Черная вода справа открывалась и отходила, поблескивала и пряталась за хвойной стеной; от ее обрывистых берегов и мрачных стрежей веяло скрытой угрозой. Через несколько минут Гадаутов снова увидел четыре тонкие ели с вывернутыми корнями — двойник оставленной позади приметы. А далее, как бы издеваясь, потянулся берег, сплошь усыпанный буреломом; подкошенные водой и ветром стволы нагибались подобно огромным прутьям, и трудно было отличить в этих местах один аршин берега от соседнего с ним аршина — все было похоже, дико и зелено.

— Куда мы идем? — спросил Мордкин, оборачивая к Гадаутову лицо, вымазанное грязным потом пополам с кровью раздавленных комаров. — Парохода нет и не будет! — Он взмахнул ружьем и едва не швырнул его на землю. — Я ложусь спать и не тронусь с места. Я более не могу идти, у меня одышка! Как хотите…

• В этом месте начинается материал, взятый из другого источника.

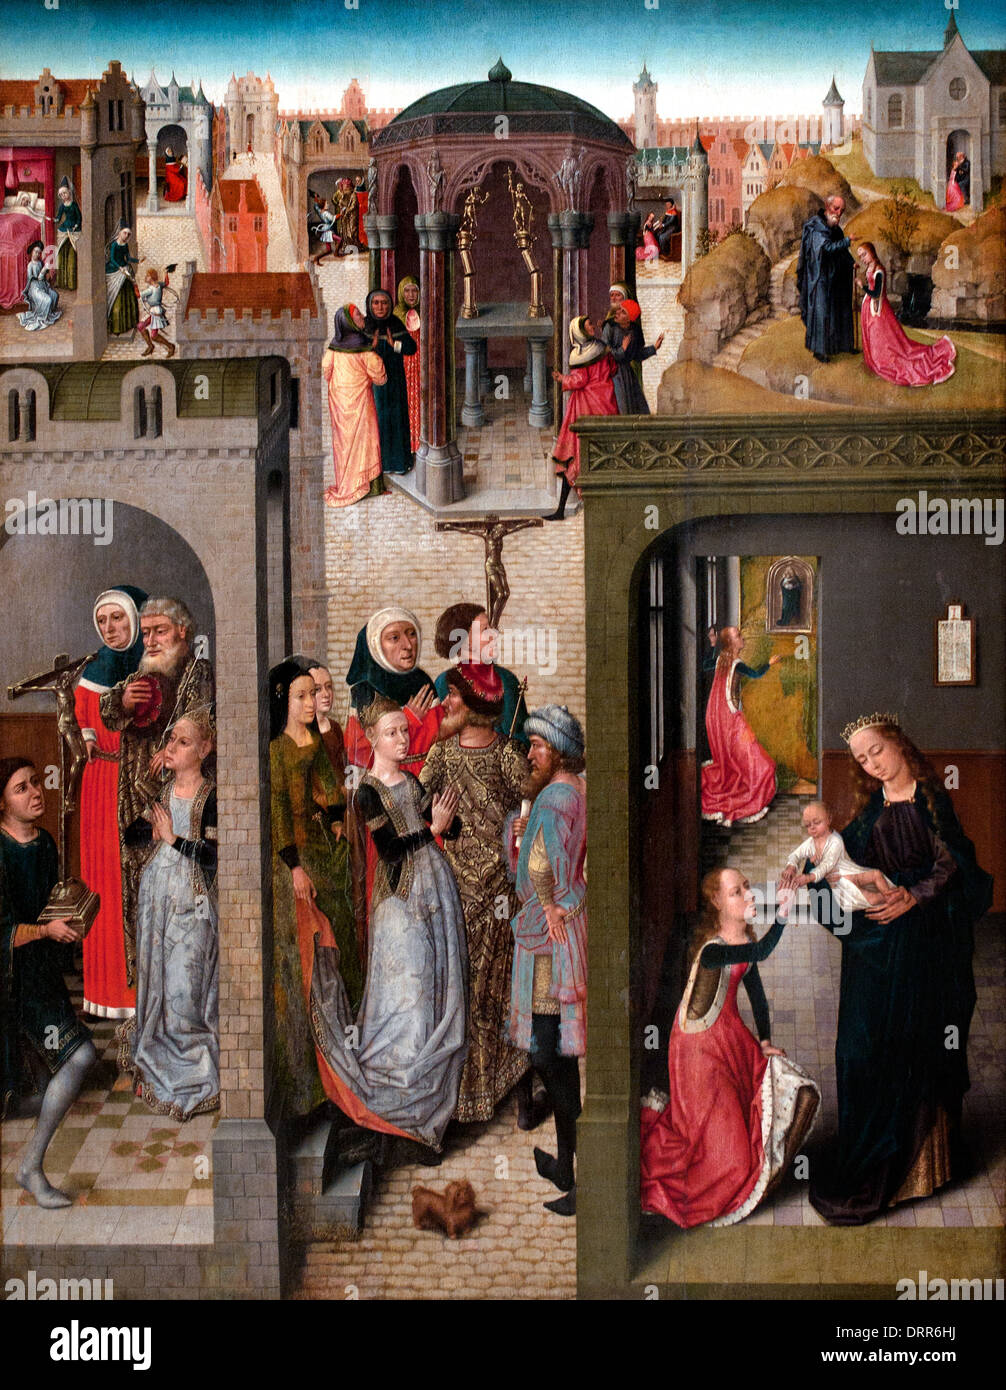 Maestro di Santa Caterina leggenda 1475 = 1500 scene Medioevo belga fiamminga del Belgio Foto Stock

Излив свое раздражение, он хлопнул рукой по вспухшей от укусов шее и, шатаясь на дрожащих ногах, тихо пошел «перед. Гадаутов, не отвечая Мордкину, исчез где-то в стороне и, наполняя лес медвежьим треском, вернулся к товарищам. Лицо его дышало светлой уверенностью.

— Если бы не моя память, — сказал он, тоскливо чувствуя, что лжет или себе, или другим, — то, клянусь мозолями моих ног, не знаю, что стали бы делать вы. Поперечный корень под моими ногами, выгнутый кренделем, то же, что пароход. Это место я помню. Мы скоро придем.

Искренний его тон смыл расцветающие на бледных лицах кривые улыбки. Ему никто не ответил, никто не усомнился в его словах: верить было необходимо, сомнение не имело смысла. Глухие сумерки подгоняли людей; обваренные распухшие ноги ступали как попало, вихляясь в корнях; угорелые от страха и изнурения, четыре человека шли версту за верстой, не замечая пройденного; каждое усилие тела напоминало о себе отчетливой болью, острой, как тиканье часов в темной комнате.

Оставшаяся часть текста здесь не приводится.